Такролимус (FK-506) имеет механизм действия подобный ЦСА, но в 50–100 раз более мощный [60]. Препарат подавляет кальцинейрин путем связывания иммунофилина или FK-506-связывающего белка. Он широко используется при трансплантации внутренних органов, в том числе, и в России. По данным ряда авторов для профилактики реакции отторжения трансплантата роговицы местное применение такролимуса в виде капель или мази является перспективным [61, 62]. Системное применение такролимуса также является безопасным и эффективным для снижения риска реакции отторжения и повышения частоты прозрачного приживления роговичного донорского лоскута у пациентов с «высоким риском» [63]. В профилактике реакции отторжения роговичного трансплантата суточная доза в 0,16 мг/кг была признана одной из эффективных и при этом не оказывающей существенных побочных влияний на организм. Sloper с соавт. считают целесообразным как с профилактической, так и лечебной целью использование средней дозы равной 4,4 мг в сутки (при диапазоне 2–12 мг) [64].

Анитиметаболиты

Микофенолата мофетил (ММФ) оказывает цитостатическое действие путем ингибирования инозинмонофосфатдегидрогеназы, блокируя синтез ДНК, необходимой для пролиферации Т- и В-лимфоцитов. Рандомизированные контролируемые испытания показывают, что ММФ для перорального применения является эффективным в отношении предотвращения отторжения трансплантата при кератопластике «высокого риска» [65, 66]. Было установлено, что этот препарат может быть не менее действенным для профилактики реакции тканевой несовместимости, чем применяемый перорально ЦСА [66]. Побочные эффекты этих препаратов также являются сходными. Комбинация местных стероидов с ММФ оказалась предпочтительней по сравнению с аналогичной комбинацией ЦСА при 3-х летнем сроке наблюдения после кератопластики в группе «высокого риска» [67]. Кроме того, терапевтический лекарственный мониторинг свидетельствует о том, что экономически ММФ выгоднее, чем ЦСА.

Новые средства

Рапамицин (сиролимус) ингибирует активность и пролиферацию эффекторных Т-клеток без угнетения деятельности регуляторных Т-лимфоцитов. Рапамицин был использован в качестве монотерапии как для приема внутрь, так и в сочетании с ММФ [68, 69]. При этом было отмечено, что он имеет определенные преимущества в отношении предотвращения отторжения трансплантата роговицы.

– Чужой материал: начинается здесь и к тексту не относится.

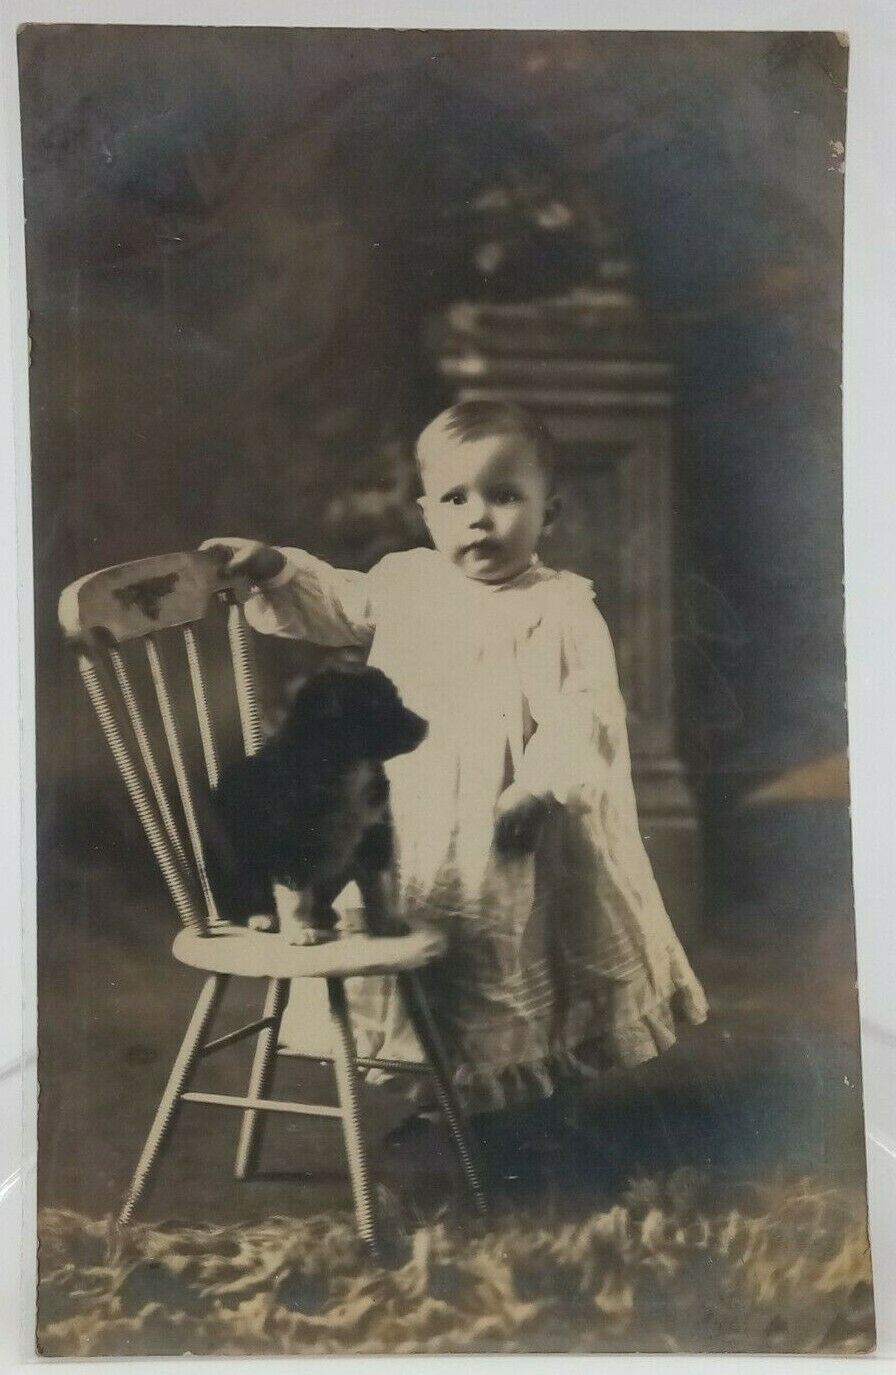 ANTIQUE EARLY 1900s Postcards  * CHILDREN * puppy, dog, chair, baby cute outfit

Такие способы борьбы с неоваскуляризацией, как фотоабляция, диатермокоагуляция, криотерапия, требуют повторных манипуляций и, как правило, дают лишь временный эффект [70]. Субконъюнктивальные инъекции бевацизумаба — моноклонального анти-VEGF антитела — могут не только увеличивать вероятность прозрачного приживления трансплантата при их выполнении до кератопластики, но и снижать темпы роста кровеносных и лимфатических сосудов по направлению к донорскому лоскуту во время реакции тканевой несовместимости [71–73]. Тем не менее, краткосрочные периоды наблюдения ограничивают клиническое значение проведенных исследований.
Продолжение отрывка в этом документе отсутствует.